### EXERCISE DESCRIPTION
Every line below is to be copied exactly, with the pictures left out.

### AVAILABLE DATA
────────

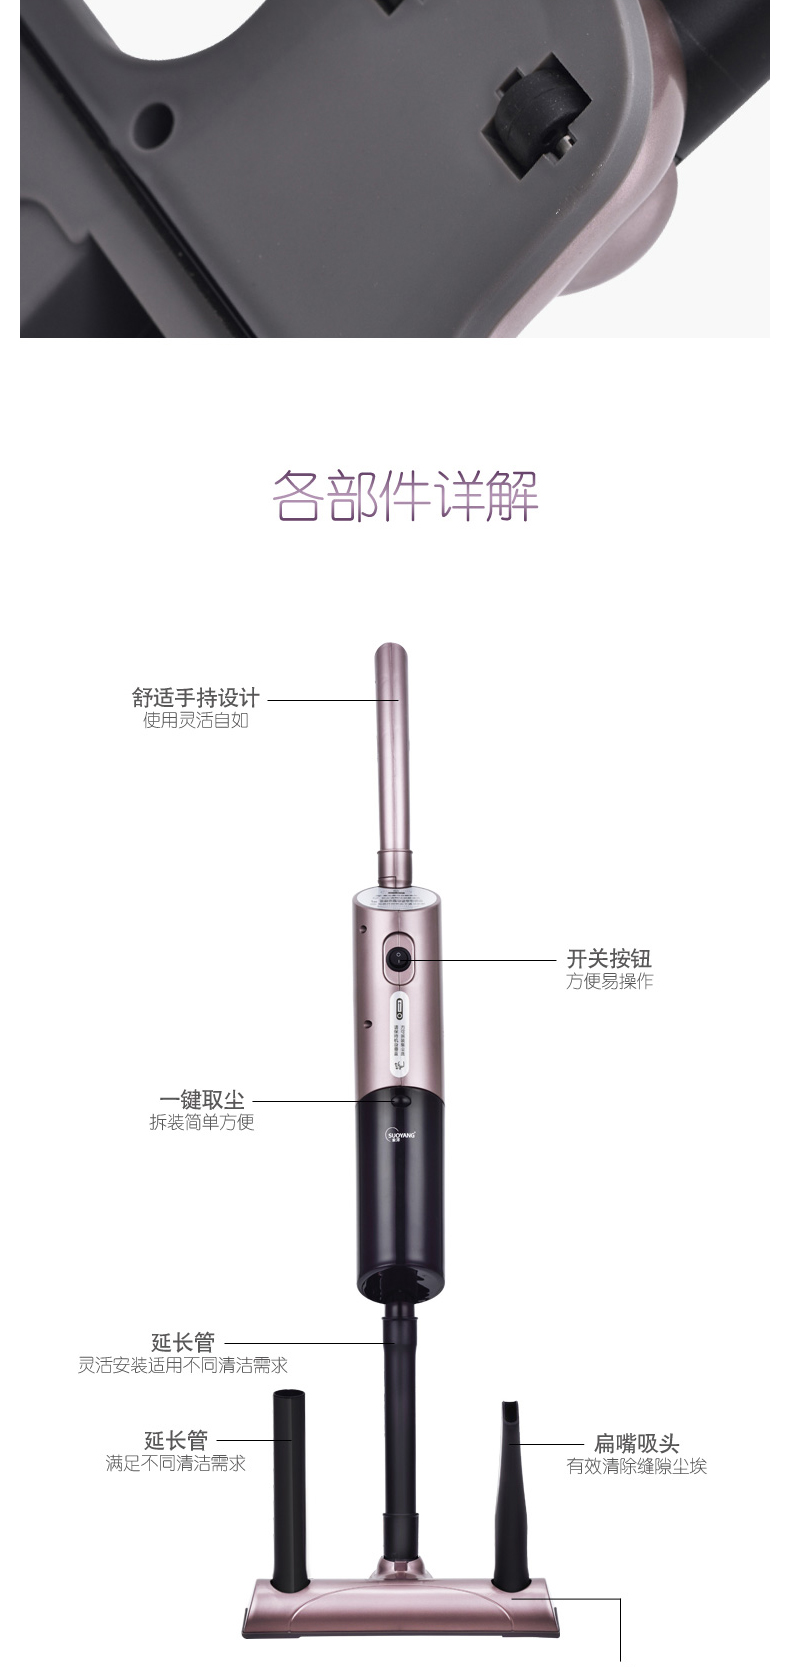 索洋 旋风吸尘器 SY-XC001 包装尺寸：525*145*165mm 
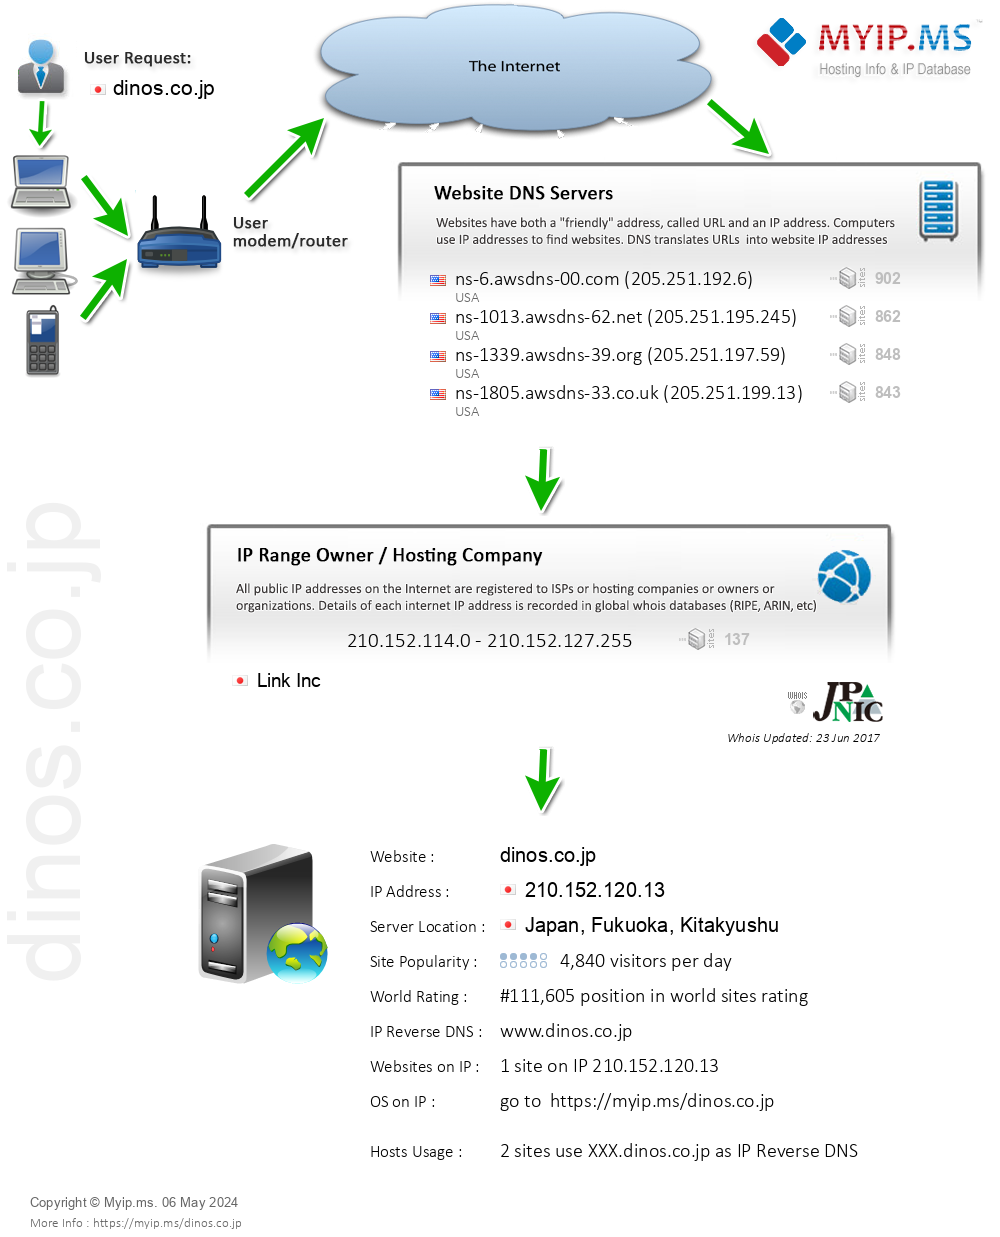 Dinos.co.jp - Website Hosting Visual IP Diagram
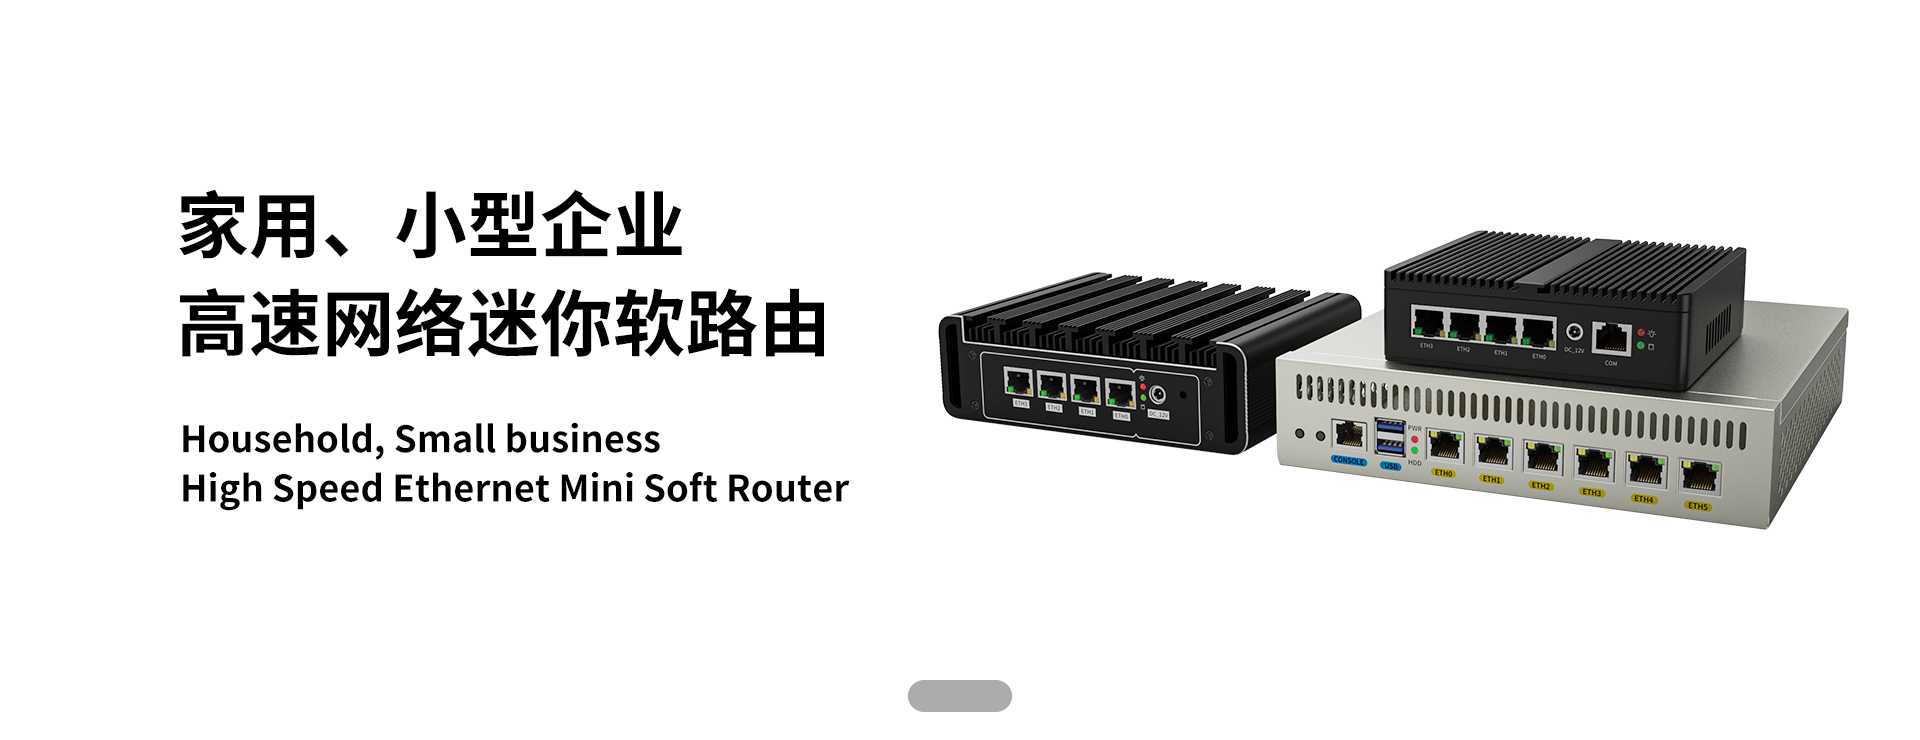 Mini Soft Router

────────

### WRITTEN ANSWER
 索洋 旋风吸尘器 SY-XC001 包装尺寸：525*145*165mm 
 Dinos.co.jp - Website Hosting Visual IP Diagram
 Mini Soft Router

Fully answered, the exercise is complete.